Am Ende waren die beiden vielleicht noch gar nicht getrennt und meine Person diente nur als Krisenkitt? Schnell erstickte ich den negativen Gedanken im Keim.

„Leider wir sehen uns nicht mehr wieder vor zwei Wochen“, meinte der Spanier, als er nach unserem wilden Sex aus meinem Badezimmer zurück kam und neben mich ins Bett kroch. Na, wer sagt es denn. Sicherlich will er mich auf Abstand halten, ärgerte ich mich innerlich, bevor er weitersprach.

„Ich besuche einen kranken Freund in Spanien. Er hat ein kaputtes Herz und ist ins Krankenhaus.“

„Das ist ja schade. Du kannst dich ja melden, wenn du wieder da bist, ja?“, entgegnete ich bewusst emotionslos. Ich wollte irgendwie neutral bleiben und nicht zu viel Nähe aufbauen, denn die ganze Geschichte war mir noch ein wenig zu verworren.

Mein Herz und der Verstand zogen nach wie vor in unterschiedliche Richtungen.

„Gern würde ich hierbleiben. Mit dir. Aber es ist mein bester Freund!“

Mit seinen süßen Augen und seiner niedlichen Aussprache umgarnte er mich.

„Ich werde mich auf dich freuen“, ließ ich ihn wissen, bevor meine Hände ihn erneut an mich zogen.

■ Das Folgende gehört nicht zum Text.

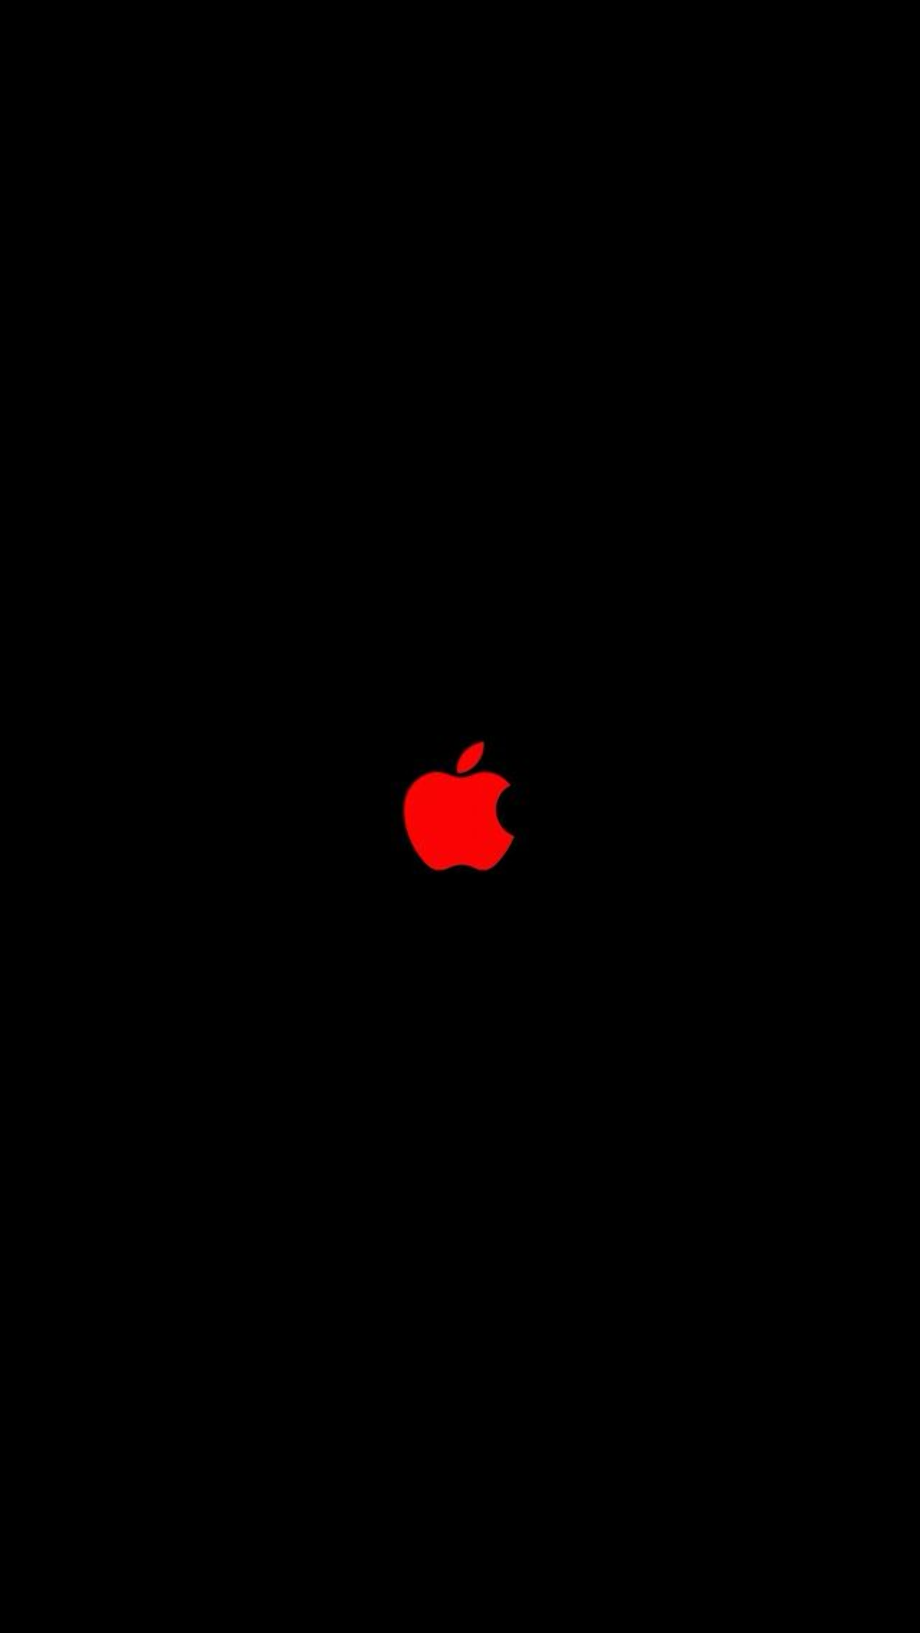 iphone logo red

„Du guckst jetzt mal nicht. Augen zu. Los!“, befahl mir mein Freund.

Nach einem kurzen, warmen Kuss wartete ich gespannt auf das, was nun folgen würde. Juans Atmen war noch immer ganz nah an meinem Gesicht. Nun war er so nah, dass ich die Wärme seiner Wangen spüren konnte. Seine Wimpern erreichten meine Augen und streichelten liebevoll über mein geschlossenes Lid. Obwohl es im ersten Moment kitzelte, fühlte ich, wie mir eine Gänsehaut den Nacken herunter kroch, sodass sich die kleinen, blonden Haare an meinen Unterarmen aufstellten.

„Du hast ja eine Menge Sachen drauf, die ich noch nicht kannte“, freute ich mich.

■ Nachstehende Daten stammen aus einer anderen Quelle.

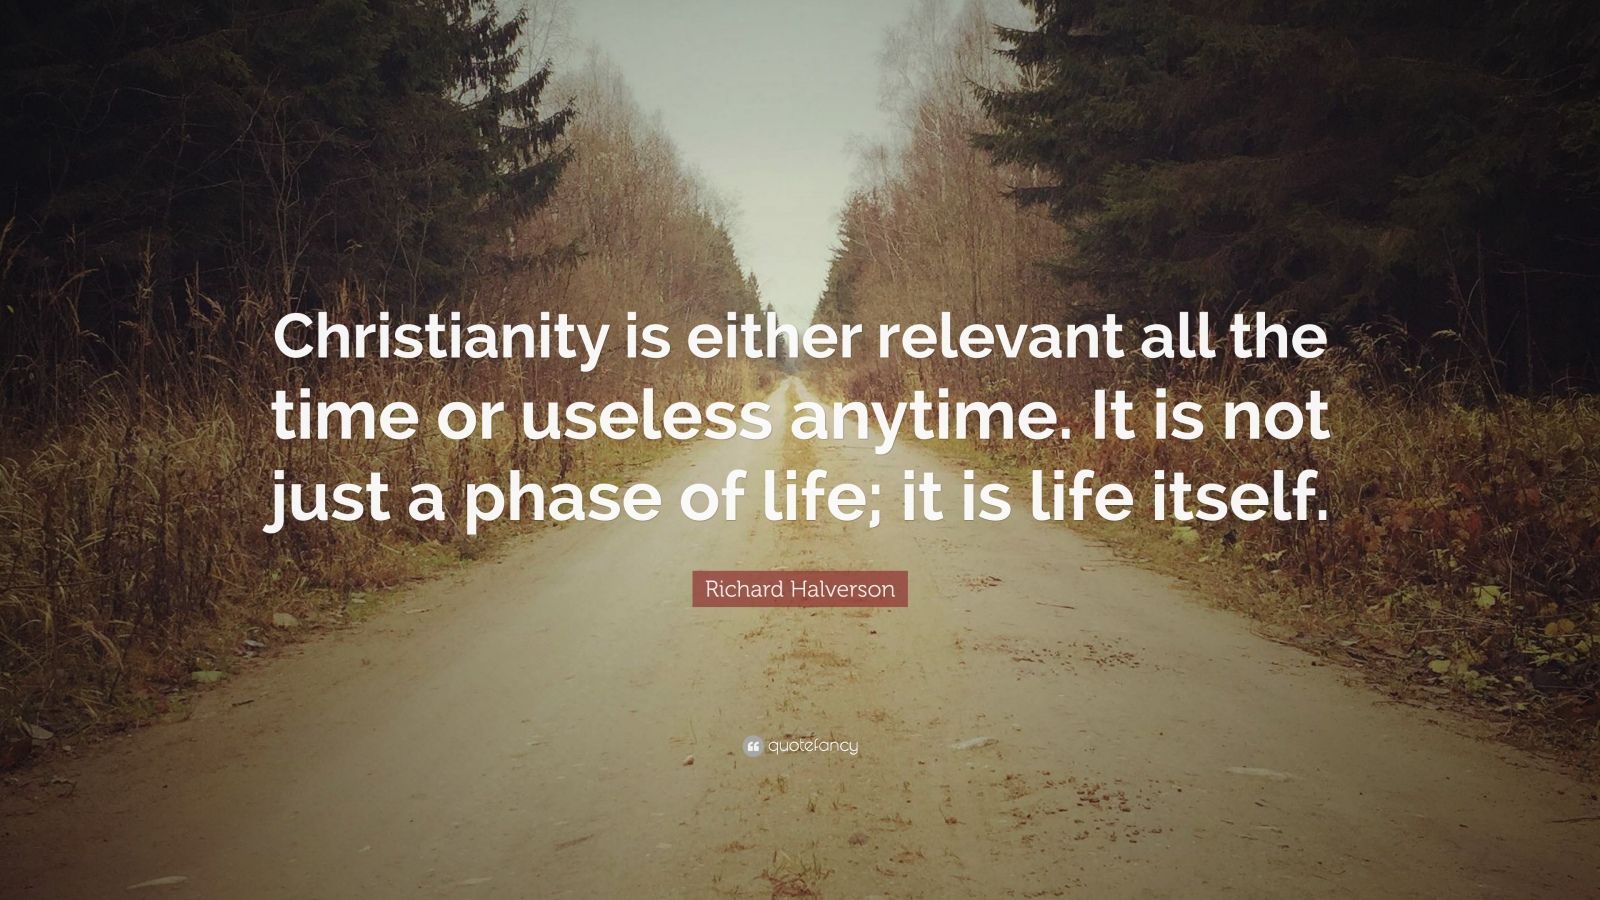 Richard Halverson Quote: “Christianity is either relevant all the time

„Man nennt das Butterfly Kiss. Kanntest du es noch nicht, du Kükemann?“, strahlte er stolz, mir etwas Neues beigebracht zu haben.

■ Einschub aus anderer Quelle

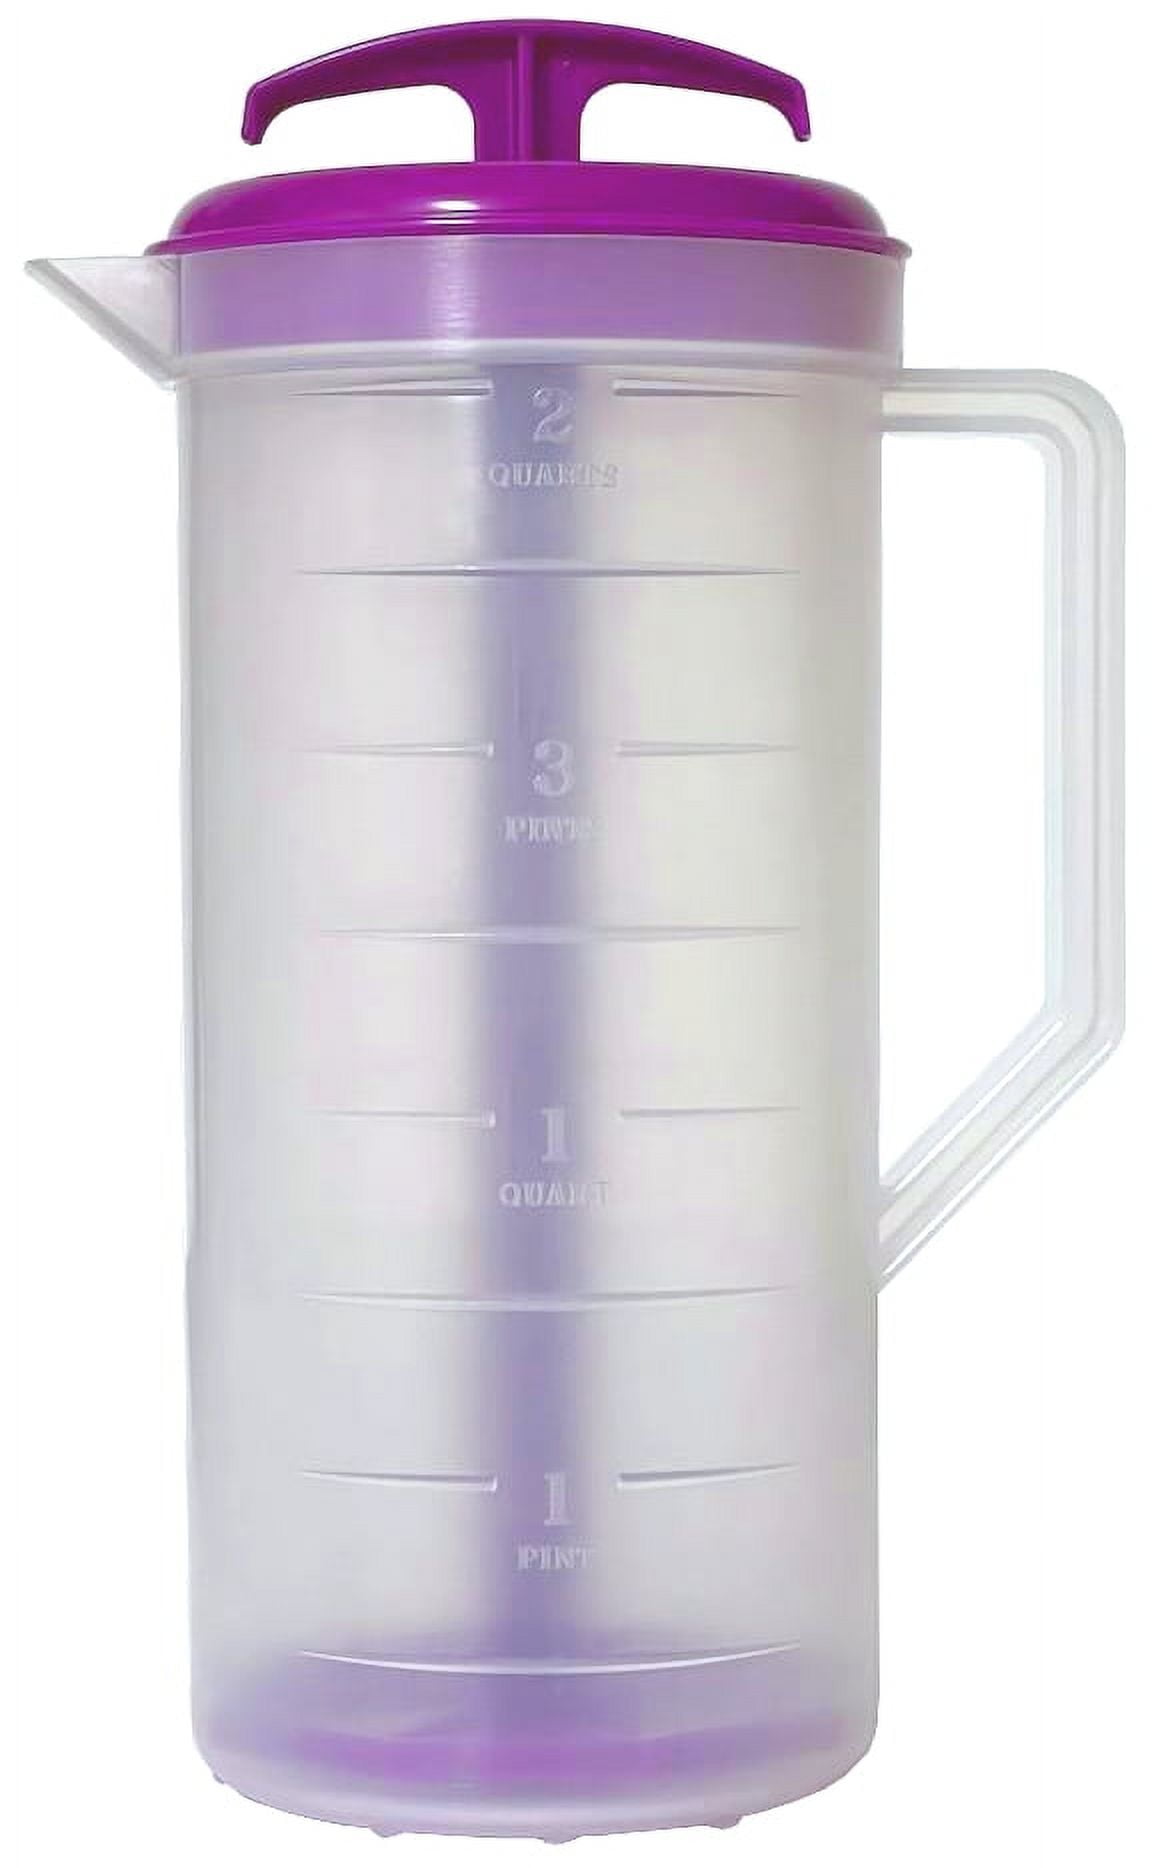 mixing pitcher, mixing pitcher Suppliers and Manufacturers at

Unsere Verabschiedung war innig und herzlich. Ich genoss den nicht enden wollenden Zungenkuss im Treppenhaus, obwohl mein Gefühl mir sagte, dass ich Juan vielleicht nie wiedersehen würde. Vielleicht wollte ich gerade deshalb den Augenblick genießen und in die Länge ziehen. So, wie es war, war es gut gewesen. An eine gemeinsame Zukunft wollte ich nicht denken.

Wieso sollte ich mich dauerhaft mit ihm einlassen? Wer wusste, was am Ende neben seiner Vorliebe für Enddärme sonst noch alles ans Tageslicht kommen würde? Zudem hatte ich immer noch keine Klarheit, was seinen Ex-Freund anging. Und was würde ich überhaupt tun, wenn er von heute auf morgen beschließen würde, wieder zurück nach Spanien zu gehen?

Seine Lebensplanung würde ihn nach erfolgreichem Studium sicherlich zurück ins Land der Menschen mit komischen Sexualpraktiken zurückführen. Was würde dann aus mir werden?

Es waren einfach zu viele Dinge, die gegen eine dauerhafte Beziehung sprachen. Nicht von der Hand zu weisen war auf jeden Fall die Tatsache, dass er für zwei Wochen außer Landes war. Die Chance, mich vollends auf mein eigenes Leben zu konzentrieren, musste beim Schopf gepackt werden.